Presentation and publicity of the artworks is a priority of the MO Museum. Therefore, interviews are often conducted with the artists, and audioguides are created and recorded.

== Projects==
===Literatų Street===
The project of Literatų Street was implemented in partnership with curator Eglė Vertelkaitė as well as over 100 different artists in the Old Town of Vilnius. More than 200 plates, made by different artists, were installed on the wall of Literatų Street to represent the wide prospect of Lithuanian literature. More information on the project and its artists' works can be found in a book Literatų street. Kuktūrinis gidas (2014), which was compiled and written by Milda Ivanauskienė, the director of MO Museum.

===Vilniaus Talking Statues===
MO Museum released a cultural guide The Path of Vilnius Statues to help the public get to know the capital through introduction to sculptures and monuments of Vilnius. The idea was renewed in 2015 by introducing a project Vilnius Talking Statues, when 15 of local statues were made interactive. This way Vilnius became the fourth city in the international project, amongst other world's megalopolises such as New York or Copenhagen. Audios’ texts on sculptures were written by famous Lithuanian writers and red to record by professional actors.
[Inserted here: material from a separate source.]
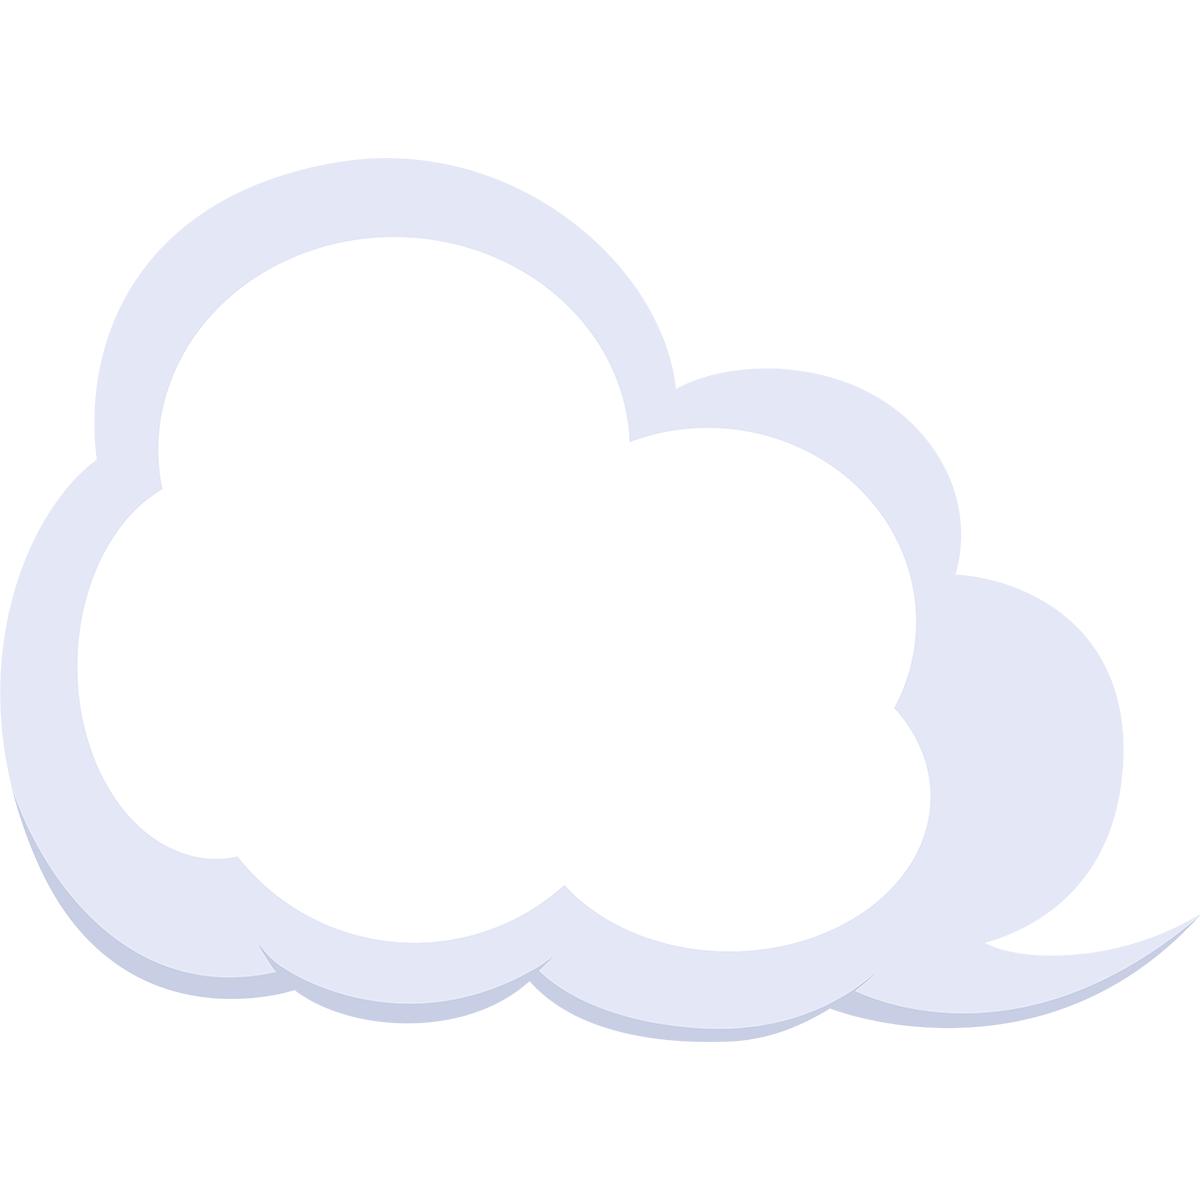 雲の無料イラスト

===The History of Culture===
Project The History of Culture included history on modernization of Lithuanian art, photography, scenography, literature, film, music and other fields of culture, was introduced in 2010. The unique archive of Lithuanian culture history was prepared in partnership with Lithuanian art critics, historians and theorists of culture, architecture and literature. This project is designated to be of use not only for researchers of various fields of culture but for teachers, students and pupils as well.

===Laboratory of Art===
Dedicated for management of personnel, Laboratory of Art was implemented in collaboration with a modern biotechnology company “Thermo Fisher Scientific Baltics” in 2016. Participants visited workspaces of the artists, attended creative workshops prepared by art critics, were introduced to the specifics of MO Museum's vaults. 3 month-long partnership with Thermo Fisher Scientific Baltics resulted in an exhibition “Bridges”, which was curated by 16 scientists from various fields such as scientific research, manufacture and administration.

===Travelling museum===
The team of MO Museum visited over a couple of tens of schools and communities in Vilnius with the project “Travelling museum” in 2010. They attempted to achieve a different point of view towards creativity, arts education as well as the relationship between arts world and the lifestyle of people. The team conducted numerous lessons and meetings during which the participants were able to get to know the Lithuanian culture in non-traditional forms and ways.